I’ve wanted to tell this story for as long as I can remember wanting anything at all. That may sound like an exaggeration, but it’s not. I clearly remember waves of that rousing sensation—a kind of primitive narrative impulse—washing over me as far back as early childhood. But this story is complicated in the same way that mental illness is complicated. It has no *boundaries. There’s no up or down to it. No right or left.

Amygdalae

Rooted etymologically in Greek words meaning “almond tonsils,” referring to their tapered and somewhat pendulant shape, the amygdalae are a paired set of ganglia located at the base of the brain. Considered part of the limbic system, they control, in concert with the hippocampus, the processing of both memory and emotion and for this reason are considered the seat of our fight-flight-or-freeze impulses. In people with post-traumatic stress disorder, the amygdalae tend to be enlarged. According to my mother, who has a remarkable but perhaps distorted knowledge of brain anatomy (and whose amygdalae are “big as grapefruits”), people with PTSD often experience even the smallest decisions and most innocuous encounters as fight-flight-or-freeze situations, as a result of which their amygdalae are enaged in near constant activity. Hence the enlargement.

Anger

To be avoided and/or maturely processed whenever possible. When not possible, best used, as per the suggestion of John Lydon (aka Johnny Rotten), as a kind of “energy.”

Assholes

“All dentists, as I’m sure you know, are vicious psycho-assholes.” She describes her dental and medical problems to me over and over, in great detail. David says he doesn’t know why I listen. I don’t either, except that I sometimes imagine it might help. Imagine that by talking about my mother’s “medical” issues, I’m really helping her talk about what her father did to her when she was a child. I’m pretty sure, though, that she doesn’t think of it that way.

Avoidance

Tracy keeps buying them for her, so that by now my mother owns five, maybe six, cell phones. But at the moment only one of them works because in attempting to disable their tracking devices, she broke the others. On my own phone I’ve assigned my mother a distinctive ring tone. It sounds like a duck, and I rarely pick up when my phone starts quacking. In fact, I almost never touch my own cell phone because on it I frequently find text messages from my mother, and these often contain photographs I don’t want to see. Occasionally, these photographs are innocuous—the sky outside her living room window or a flower near her parking space—but mostly she sends me selfies. My mother has always been fond of photographing herself, and the pictures she texts are often dramatically lit shots orchestrated to emphasize her high cheekbones or her large green eyes. I find them spooky. Also, she sometimes sends me photos documenting some of her more mysterious health problems. For example, one night when she was supposed to come over for dinner (she lives just one town away, in a subsidized apartment), she called our home phone a few hours after we’d already done the dishes and put the kids to bed to ask if I’d gotten the pictures she’d sent. “Check your cell phone,” she said.

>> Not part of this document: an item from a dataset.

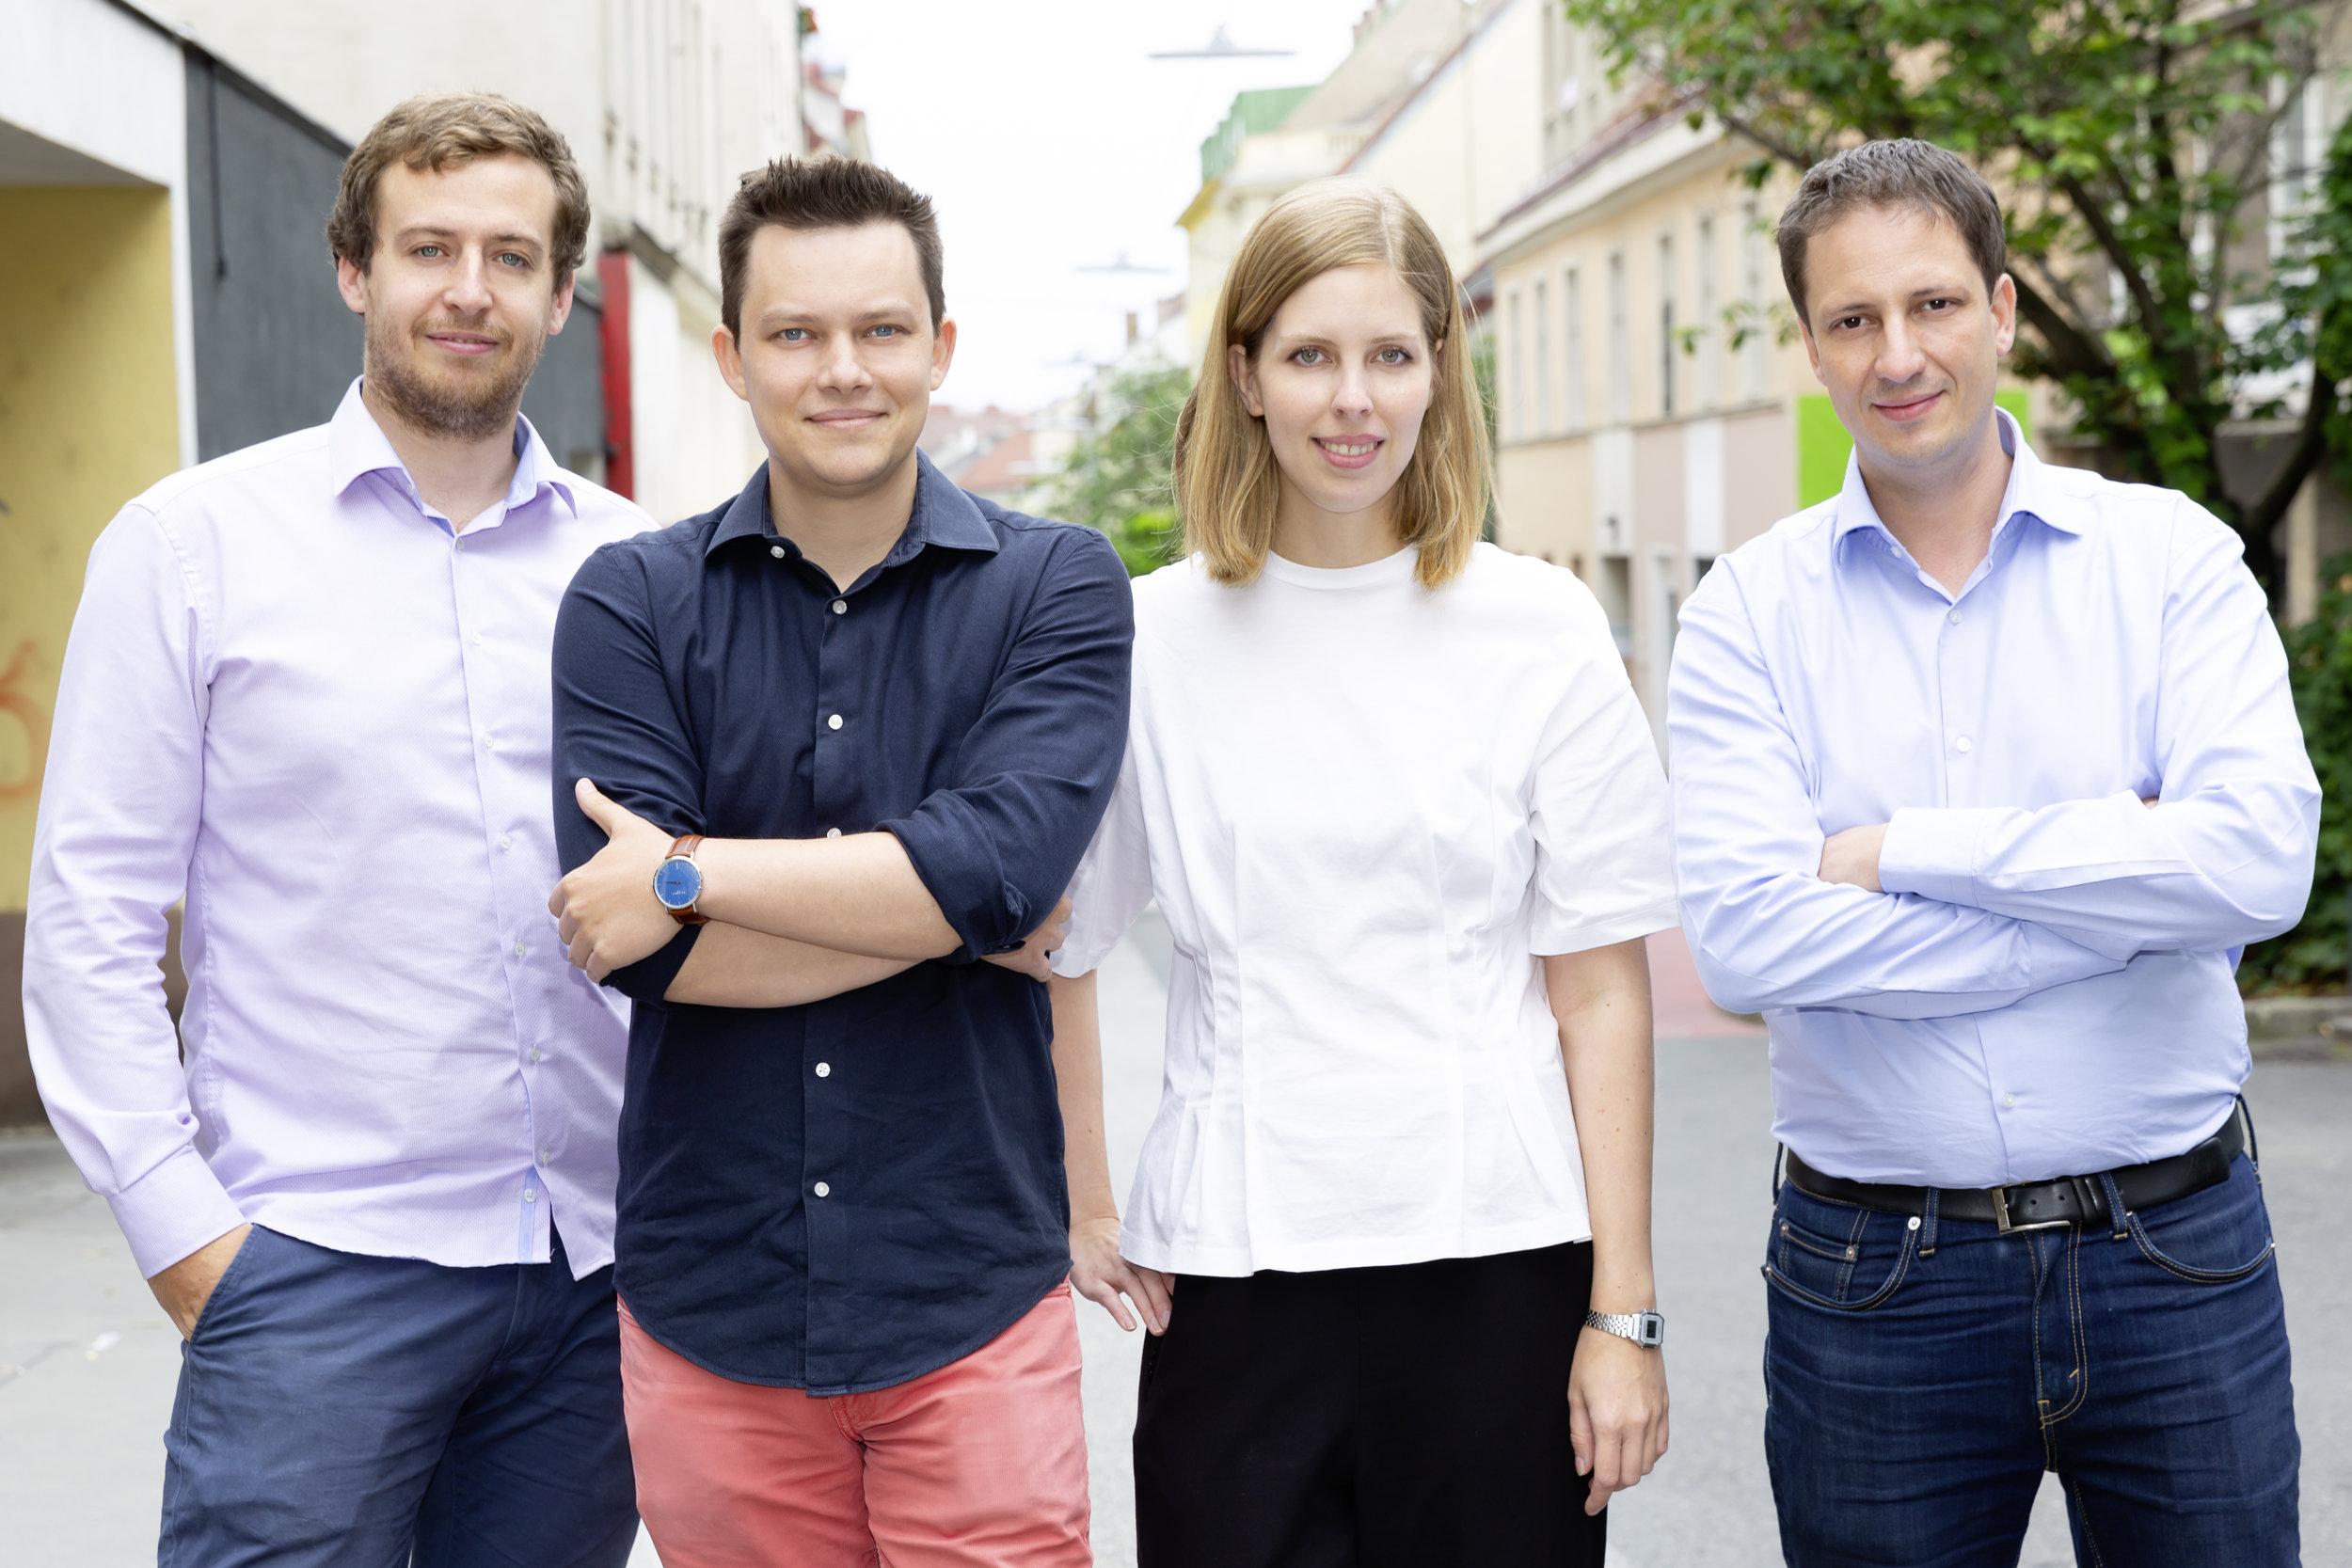 Joachim Ringsmuth/Sergiu Ardelean/Carina Doppler/Codin Popescu/ (from left to right) - Team Artivive © Artivive

I did, and on it found a series of photographs she’d taken of her mouth. The accompanying text explained: Driving to yr place this happened. Some kind of reaction. Had to turn home. Srry.

In the photos her lips were three or four times their normal size, pink, nearly red, and completely smooth. They looked like enormous clown lips attached to her otherwise gaunt face. Seeing these images, I felt, as I so often do when dealing with my mother, an instant unraveling. Like vertigo, only backward. Instead of a sensation of falling through space, I feel space collapsing inside of me, something shutting down with incredible speed, telescoping, evaporating. I showed the pictures to David, who said, “Don’t look at those,” but it was too late.